WHAT IS REQUIRED:
Give again, word for word, the lines below that run from the line with "dog kissing young girl on the cheek" through the line with "Greg Norman Men's". Drop the pictures.

[SOURCE RECORDS]

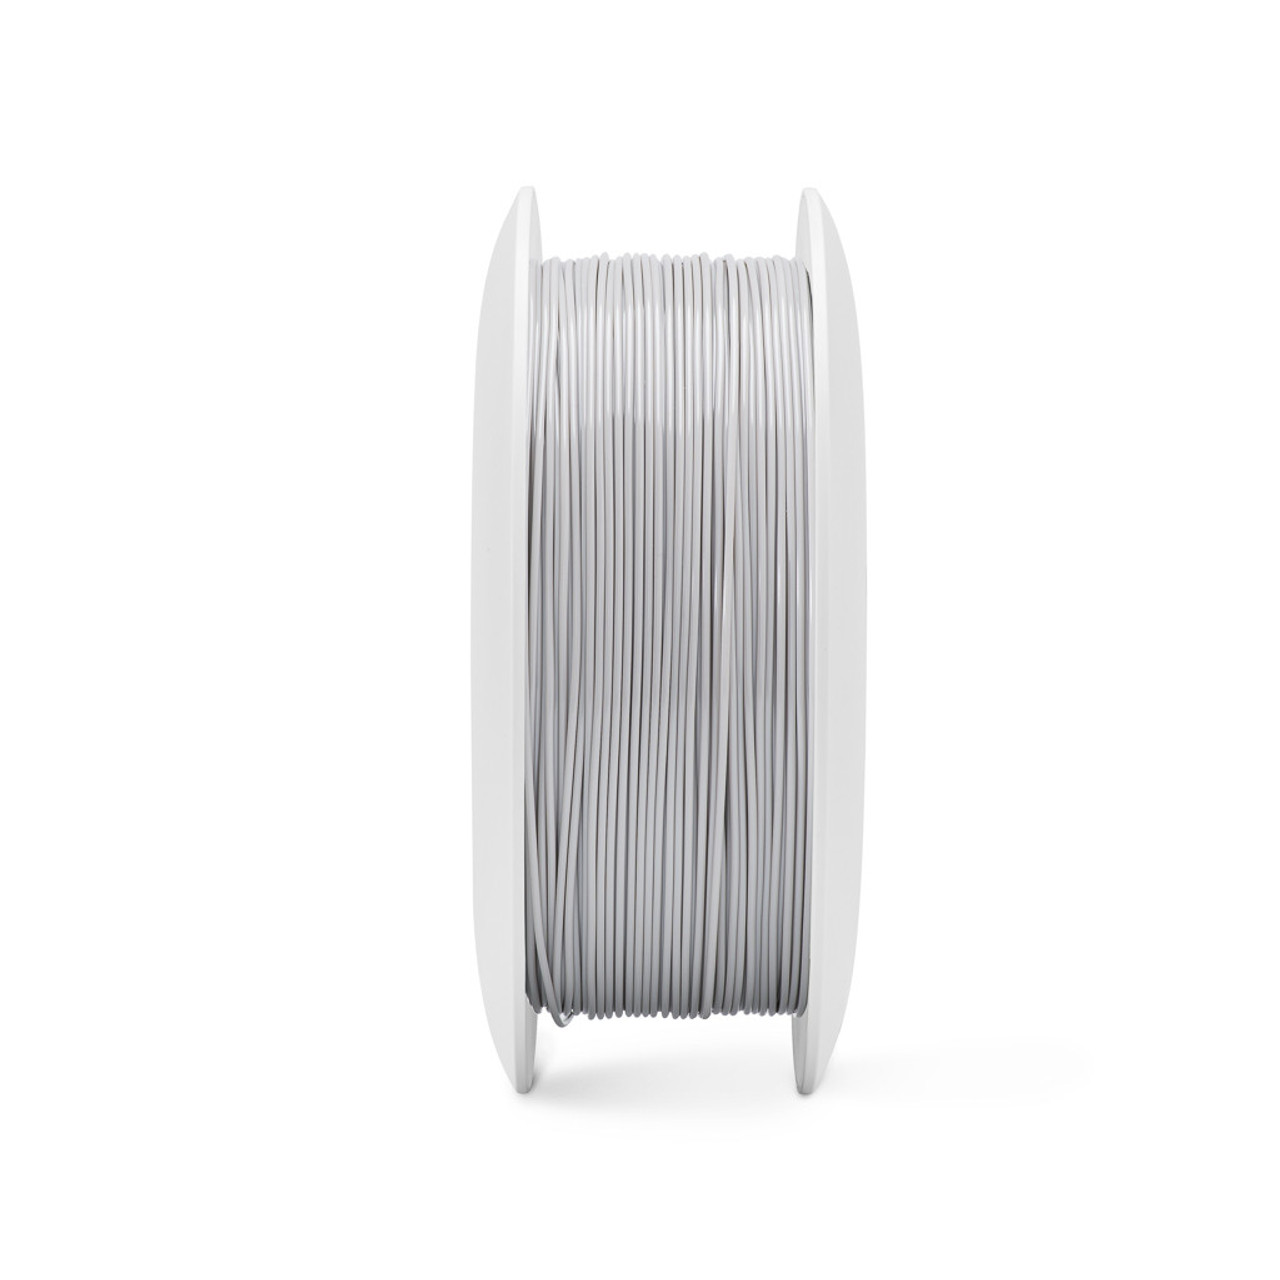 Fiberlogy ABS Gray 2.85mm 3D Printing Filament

[/SOURCE RECORDS]
[SOURCE RECORDS]

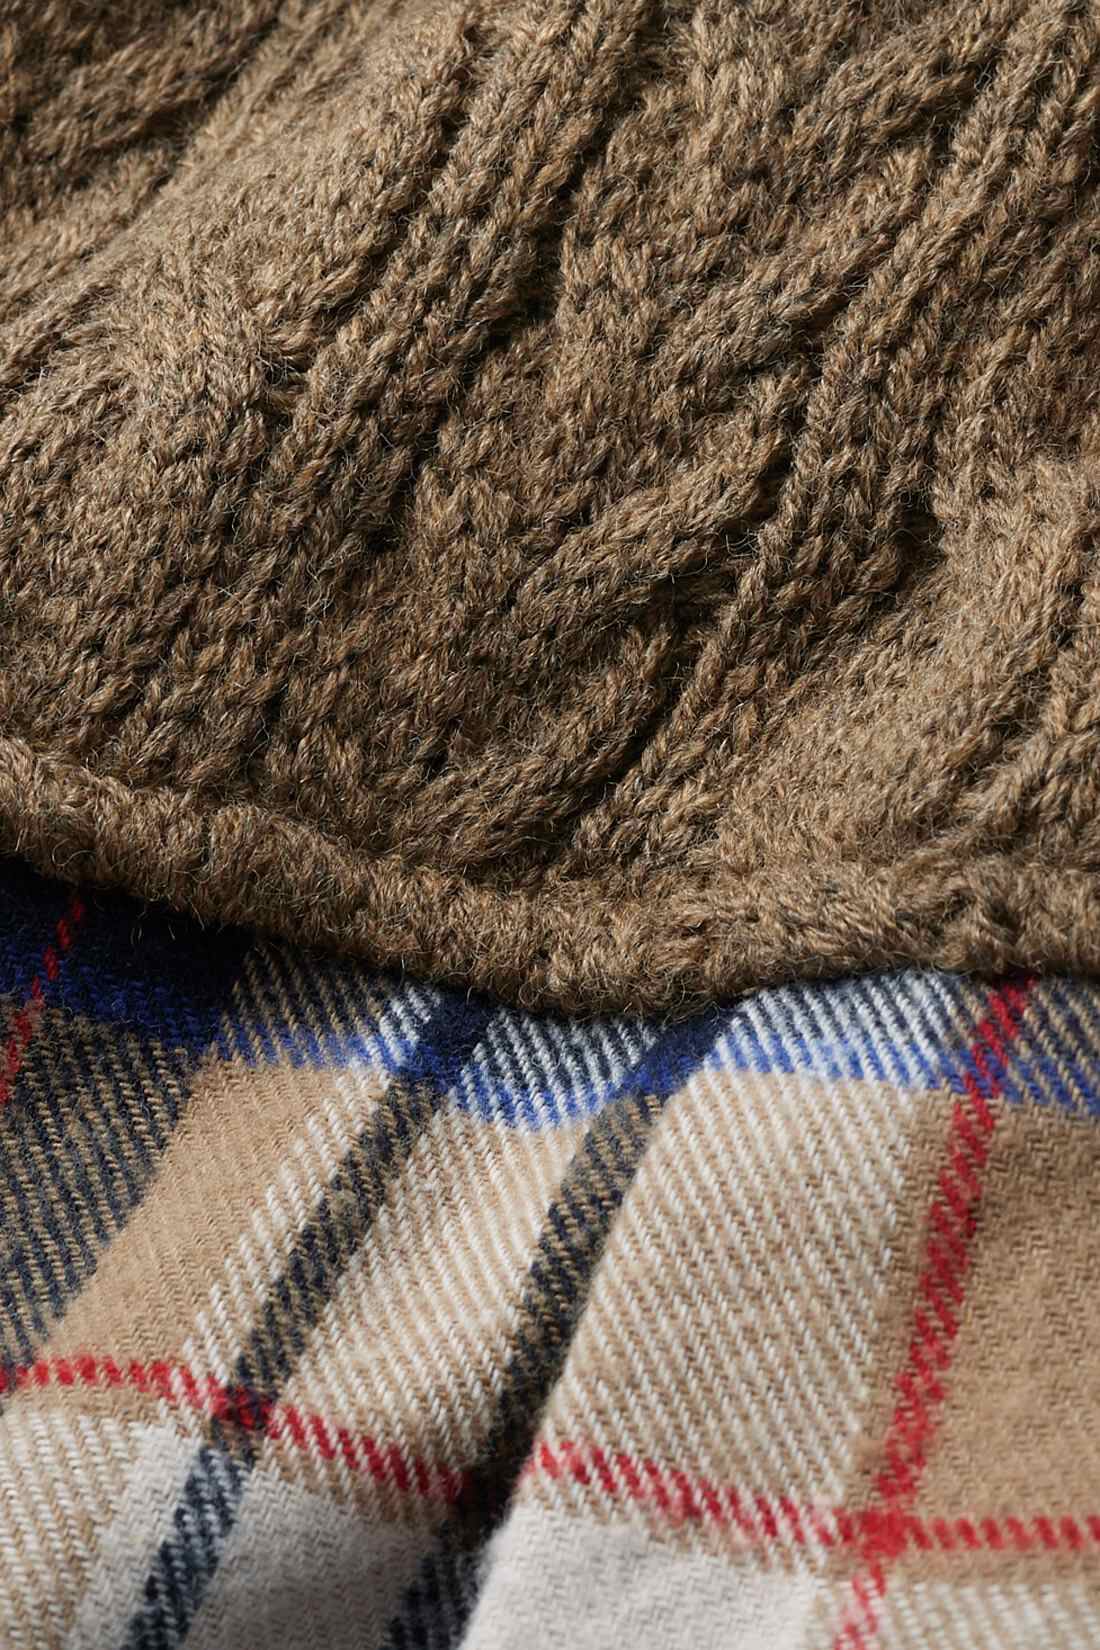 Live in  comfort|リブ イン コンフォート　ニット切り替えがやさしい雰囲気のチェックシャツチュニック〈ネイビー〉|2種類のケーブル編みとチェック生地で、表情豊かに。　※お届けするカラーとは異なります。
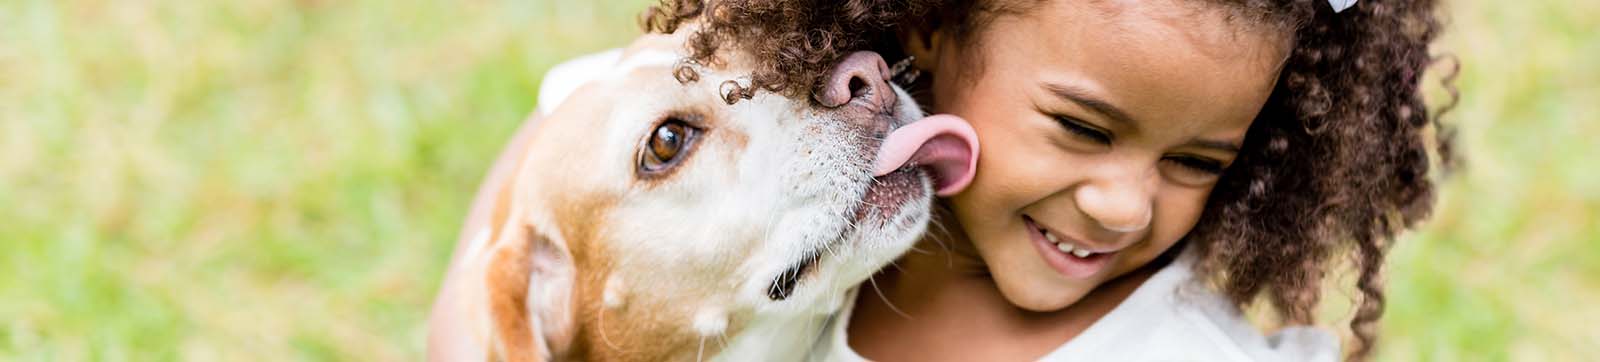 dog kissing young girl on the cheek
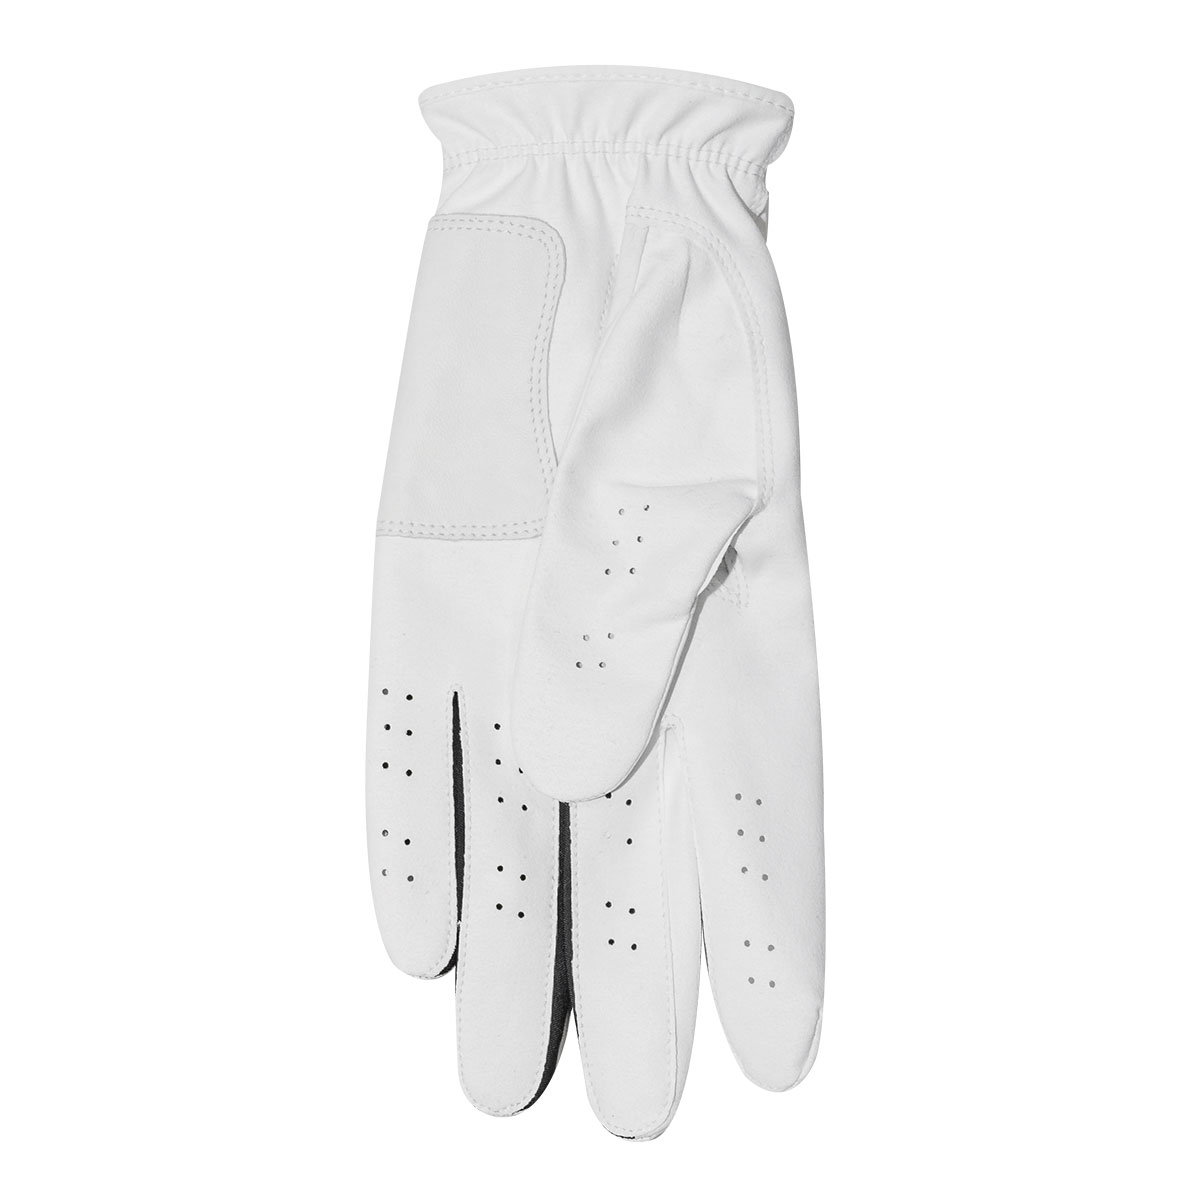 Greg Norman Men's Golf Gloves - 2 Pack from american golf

[/SOURCE RECORDS]

EXPECTED OUTPUT:
 dog kissing young girl on the cheek
 Greg Norman Men's Golf Gloves - 2 Pack from american golf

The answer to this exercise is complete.